Теперь световые шары Sirocco подсвечивали место преступления снизу и, расположенные таким образом, охватывали даже зоны тени. Один из техников, в сапогах и перчатках, спускал их в яму при помощи небольшой стремянки. Он подтвердил наличие ногтя, вырванного с левой руки жертвы.
Паскаль Робийяр следил за изъятием проб и с максимальной точностью записывал все на диктофон: обстоятельства изъятия, описание места, жертвы, метеоусловий… После того как лейтенант Жак Леваллуа перевелся в АТО – антитеррористический отдел, – Робийяр унаследовал его роль процессуалиста в группе Шарко. В итоге в команде образовалось одно вакантное место, и все с нетерпением ожидали нового старшего капрала, который должен был прибыть завтра.
Укрывшись от дождя, Люси грела руки, обхватив стаканчик с обжигающим кофе. От влажности у нее разболелись колени. У ног образовалась лужа.
– Забавный денек для празднования второй годовщины свадьбы.
– Бывает. Убийцы являются на банкет без приглашения. Сходим в ресторан в другой раз.
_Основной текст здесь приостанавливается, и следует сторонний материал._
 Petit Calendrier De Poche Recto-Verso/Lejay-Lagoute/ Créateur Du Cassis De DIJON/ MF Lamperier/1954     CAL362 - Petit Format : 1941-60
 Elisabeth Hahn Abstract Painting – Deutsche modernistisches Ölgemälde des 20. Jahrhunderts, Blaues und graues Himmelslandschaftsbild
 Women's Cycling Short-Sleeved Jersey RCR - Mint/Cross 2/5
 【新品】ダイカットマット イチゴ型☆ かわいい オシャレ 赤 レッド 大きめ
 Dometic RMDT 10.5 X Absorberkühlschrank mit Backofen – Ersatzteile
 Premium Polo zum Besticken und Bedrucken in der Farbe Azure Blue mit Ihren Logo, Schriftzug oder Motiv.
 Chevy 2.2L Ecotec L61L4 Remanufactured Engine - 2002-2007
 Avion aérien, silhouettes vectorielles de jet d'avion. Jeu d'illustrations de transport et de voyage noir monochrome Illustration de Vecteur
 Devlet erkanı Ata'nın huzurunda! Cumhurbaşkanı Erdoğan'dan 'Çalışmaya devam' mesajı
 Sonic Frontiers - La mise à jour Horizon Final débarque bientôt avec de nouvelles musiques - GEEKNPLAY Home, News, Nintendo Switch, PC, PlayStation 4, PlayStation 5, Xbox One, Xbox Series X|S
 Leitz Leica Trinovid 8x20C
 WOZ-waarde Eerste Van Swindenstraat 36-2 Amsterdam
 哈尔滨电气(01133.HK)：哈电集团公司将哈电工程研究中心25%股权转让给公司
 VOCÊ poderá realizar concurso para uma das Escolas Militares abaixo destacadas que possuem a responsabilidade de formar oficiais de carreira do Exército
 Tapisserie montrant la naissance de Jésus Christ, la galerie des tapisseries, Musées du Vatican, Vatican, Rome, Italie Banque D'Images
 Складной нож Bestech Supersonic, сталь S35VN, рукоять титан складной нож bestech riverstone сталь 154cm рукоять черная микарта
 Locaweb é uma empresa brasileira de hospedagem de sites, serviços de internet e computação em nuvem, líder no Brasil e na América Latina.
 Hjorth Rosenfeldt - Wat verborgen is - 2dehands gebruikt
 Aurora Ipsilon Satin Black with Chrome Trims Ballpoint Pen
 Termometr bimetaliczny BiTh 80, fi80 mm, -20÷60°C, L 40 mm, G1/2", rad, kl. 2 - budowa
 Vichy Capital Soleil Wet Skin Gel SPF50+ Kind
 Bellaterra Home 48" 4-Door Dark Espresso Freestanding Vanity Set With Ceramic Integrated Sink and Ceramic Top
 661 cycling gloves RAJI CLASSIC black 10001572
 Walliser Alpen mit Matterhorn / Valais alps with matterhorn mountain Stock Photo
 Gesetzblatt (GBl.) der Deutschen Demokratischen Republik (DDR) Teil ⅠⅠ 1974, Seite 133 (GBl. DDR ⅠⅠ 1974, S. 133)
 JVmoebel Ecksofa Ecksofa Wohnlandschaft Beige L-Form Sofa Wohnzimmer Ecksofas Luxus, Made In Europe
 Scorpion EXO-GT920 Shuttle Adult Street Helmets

Шарко не стал задерживаться на этой теме и продолжил звонить, в том числе заместителю прокурора, чтобы отправить запрос на подъем тела и аутопсию в самые сжатые сроки. Люси знала, до какой степени воспоминание об их свадьбе, о которой он говорил как об одном из прекраснейших моментов в его жизни, было для него болезненным: во время терактов 13 ноября 2015 года
[2] они находились в Венеции. Шарко не смог быть рядом со своими товарищами, с парнями с набережной Орфевр, 36, которые вошли в концертный зал «Батаклан» через три часа после трагедии. И которые смогли потом во всех подробностях описать лик ужаса. Работая копом, ты отравляешь себе существование именно ради таких моментов, а когда ты их пропускаешь, образуется пустота, которая втягивает тебя, создавая ощущение, что ты спрятался в кусты, когда был больше всего нужен.